The internal and external diameters of a hollow metallic hemispherical shell are 6 cm and 10 cm respectively. It is melted and recast into a solid cone of base diameter 14 cm. Find the height of the cone so formed.
Answers
Answer:
Step-by-step explanation:
To answer this question we need to get the volume of the hollow hemispherical metallic shell.
Since it is hollow we need to get the volume of the metallic part.

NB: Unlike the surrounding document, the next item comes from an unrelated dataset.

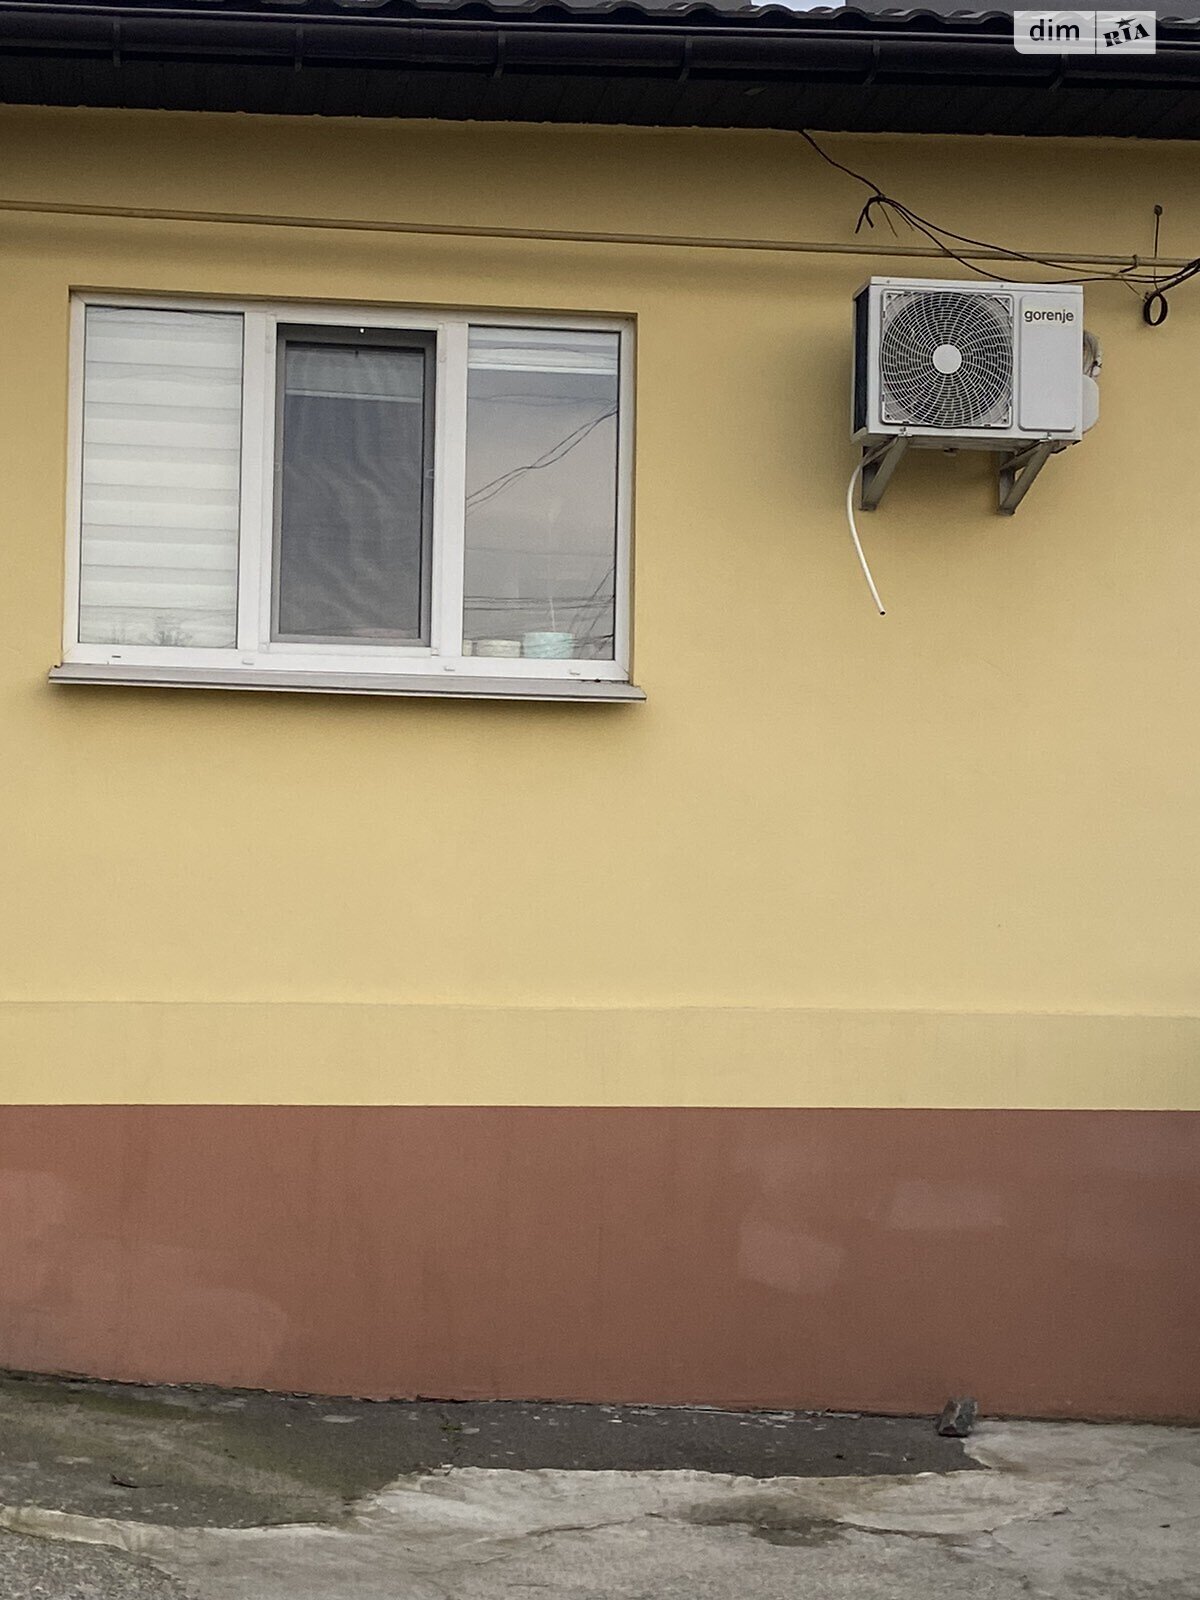 Продажа части дома в Виннице, улица Дубовецкая (Энгельса), район Ближнее замостье, 2 комнаты фото 1

We need to get the formula of the volume of the hemisphere.
Volume = 2/3πr^3
The volume of the metallic part is :
= Volume of the outer Hemisphere - Volume of inner hemisphere
Volume of outer hemisphere is:
Diameter = 10
Radius = 10/2 = 5
= 2/3 × 3.142 × 5^3 = 261.83 cubic centimeters.
Volume of inner hemisphere :
Diameter = 6
Radius = 6/2 = 3
= 2/3 × 3.142 × 3^3 = 56.556 cubic centimeters.
The volume of the metallic part is :
261.83 - 56.556 = 205.274 cubic centimeters.
This is the volume of the metallic part and it is also the volume of the cone formed.
Volume of a cone = 1/3πr^2h
205.274 = 1/3 × 3.142 × (14/2)^2 × h
205.274 = 51.319h
h = 205.274/51.319
h = 3.99996
This is approximately 4 cm.
The height of the cone is thus :
= 4 cm
The height of cone so formed is 4 cm.